Harga Batu Bara Diramal Stabil di Atas US$ 300/Ton Sampai Akhir Tahun
Harga batu bara disinyalir akan terus meroket hingga akhir tahun akibat situasi global yang tak menentu. Bahkan, harga mineral hitam ini di pasar dunia diperkirakan terus berada di atas US$ 300 per ton.
Direktur Eksekutif Energy Watch, Mamit Setiawan mengatakan tingginya harga batu bara disebabkan oleh sejumlah peristiwa global seperti krisis listrik yang menimpa India akibat adanya fenomena gelombang panas. Selain itu pelonggaran penguncian wilayah (lockdown) di Cina meningkatkan aktivitas komersial dan mendorong harga.
Selanjutnya, masih berlangsungnya konflik antara Rusia dan Ukraina dirasa ikut mengerek harga batu bara global.
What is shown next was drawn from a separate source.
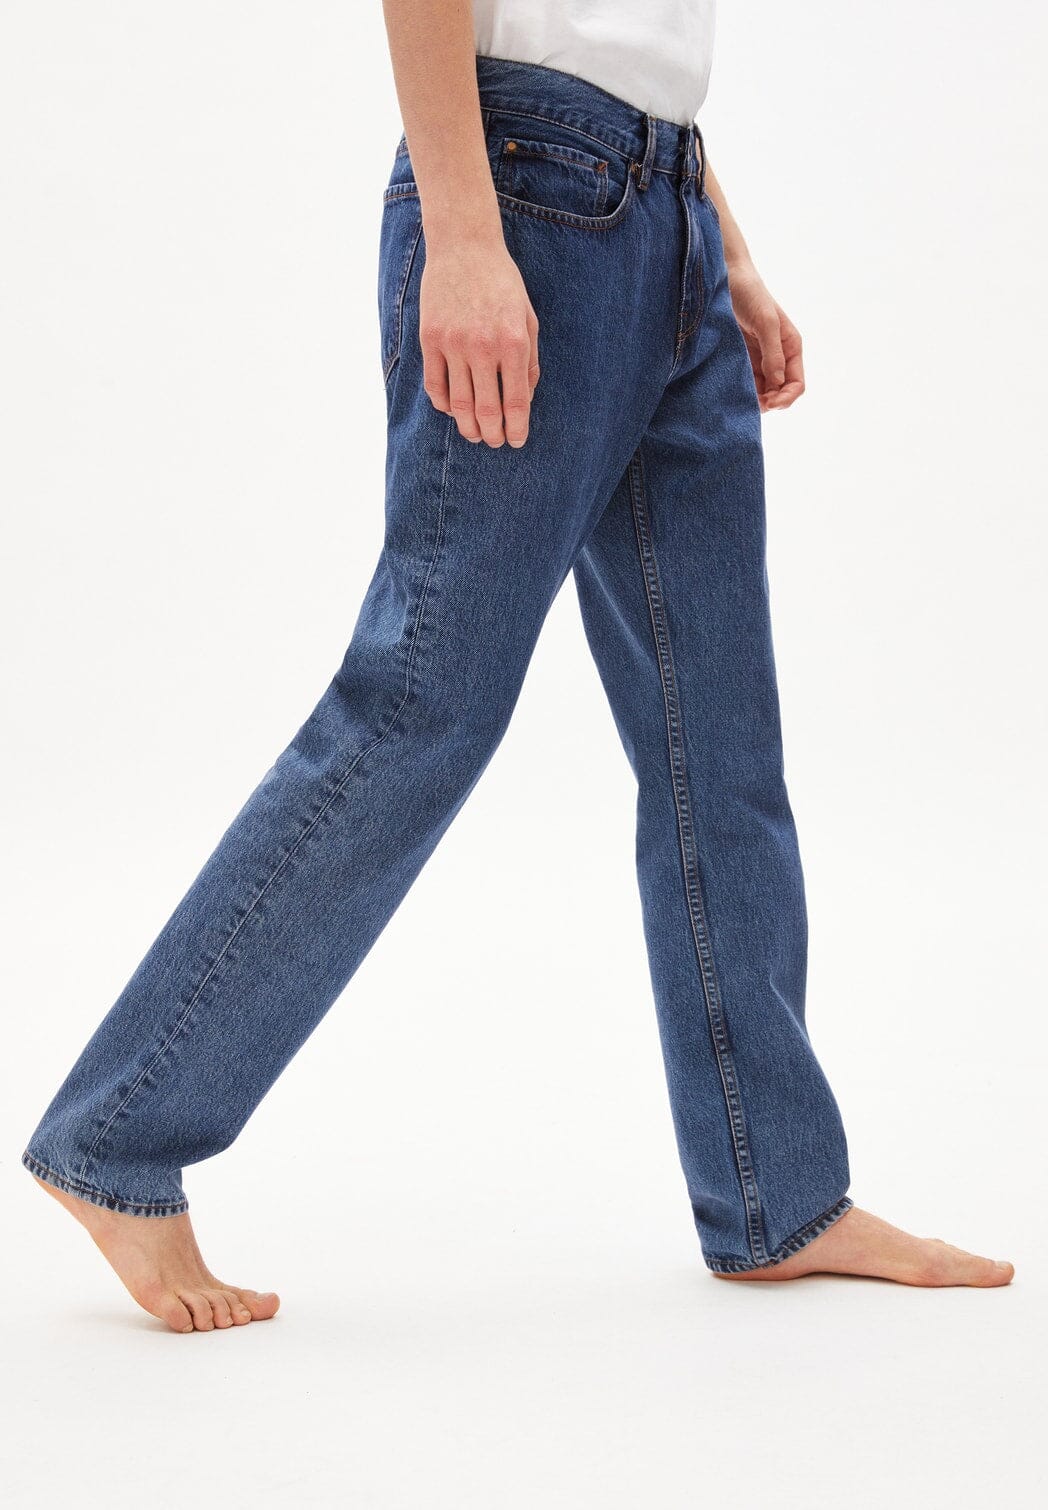 M's Dylaano retro jeans - Corte recto - de orgánico - Weekendbee - sustainable sportswear

Hal ini disebabkan oleh keputusan Uni Eropa yang mengembargo komoditas energi Rusia seperti gas alam dan minyak mentah.
"Suplai energi Eropa akan terganggu. Mau tidak mau negara Eropa harus kembali menggunakan batu bara untuk operasional PLTU untuk menghasilkan listrik. Karena memang batu bara salah satu sosok yang paling mudah dan paling murah," kata Mamit kepada Katadata.co.id, Rabu (8/6).
Kondisi ini juga dipengaruhi oleh faktor cuaca yang mengharuskan sejumlah negara produsen batu bara untuk menurunkan tingkat produksinya. Musim hujan yang diprediksi akan mencapai puncak pada bulan September hingga November diprediksi akan menyebabkan suplai batu bara dunia makin menipis.
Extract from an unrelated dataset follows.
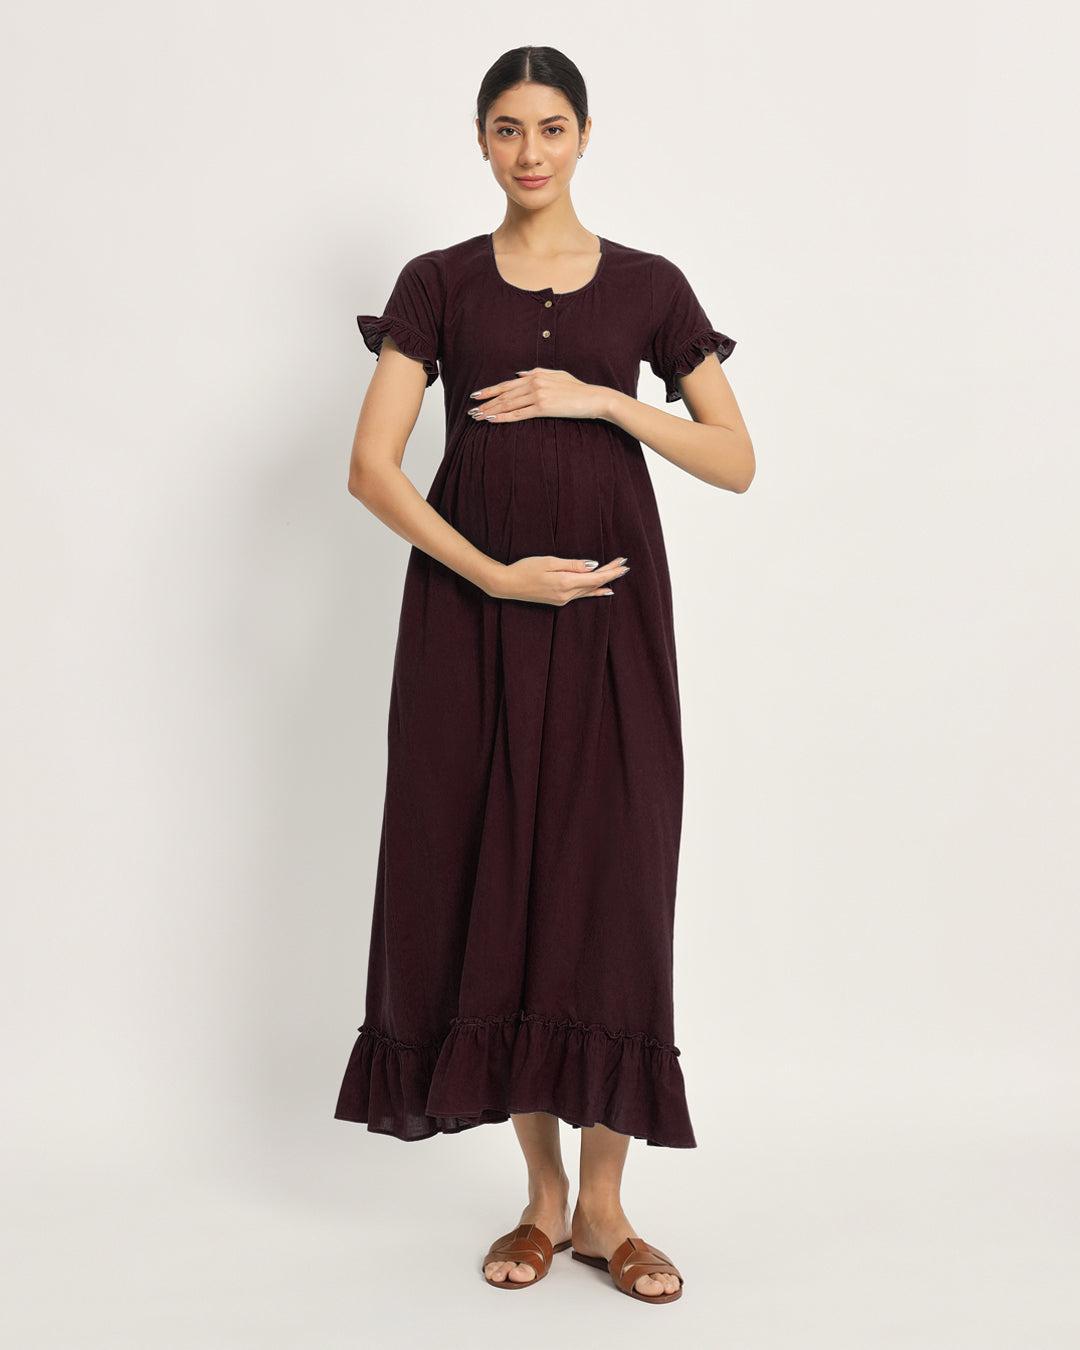 Plum Passion Bumpin' & Stylin' Maternity & Nursing Dress

"Indonesia sedang memasuki bulan-bulan musim hujan. Ini bisa dipastikan akan sangat mengganggu produksi batu bara. Produsen tidak bisa melakukan optimalisasi. Ketidakpastian pasokan dari Australia sudah terasa karena cuaca yang kadang hujan dan banjir," sambung Mamit.
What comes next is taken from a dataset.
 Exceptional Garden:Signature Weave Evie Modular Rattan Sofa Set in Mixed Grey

Melansir laman barchart.com pada Rabu (8/6) pagi, harga batu bara berada di level US$ 397 per ton. "Saya kira harga batu bara sampai akhir tahun masih cukup tinggi karena memang kebutuhan yang meningkat. Bisa sampai level US$ 300-an lebih," ujar Mamit.
Kementerian Energi dan Sumber Daya Mineral (ESDM) menetapkan harga batu bara acuan (HBA) bulan Juni 2022 sebesar US$ 323,91 per ton, naik 17% atau US$ 48,27 per ton dibandingkan bulan sebelumnya US$ 275,64 per ton.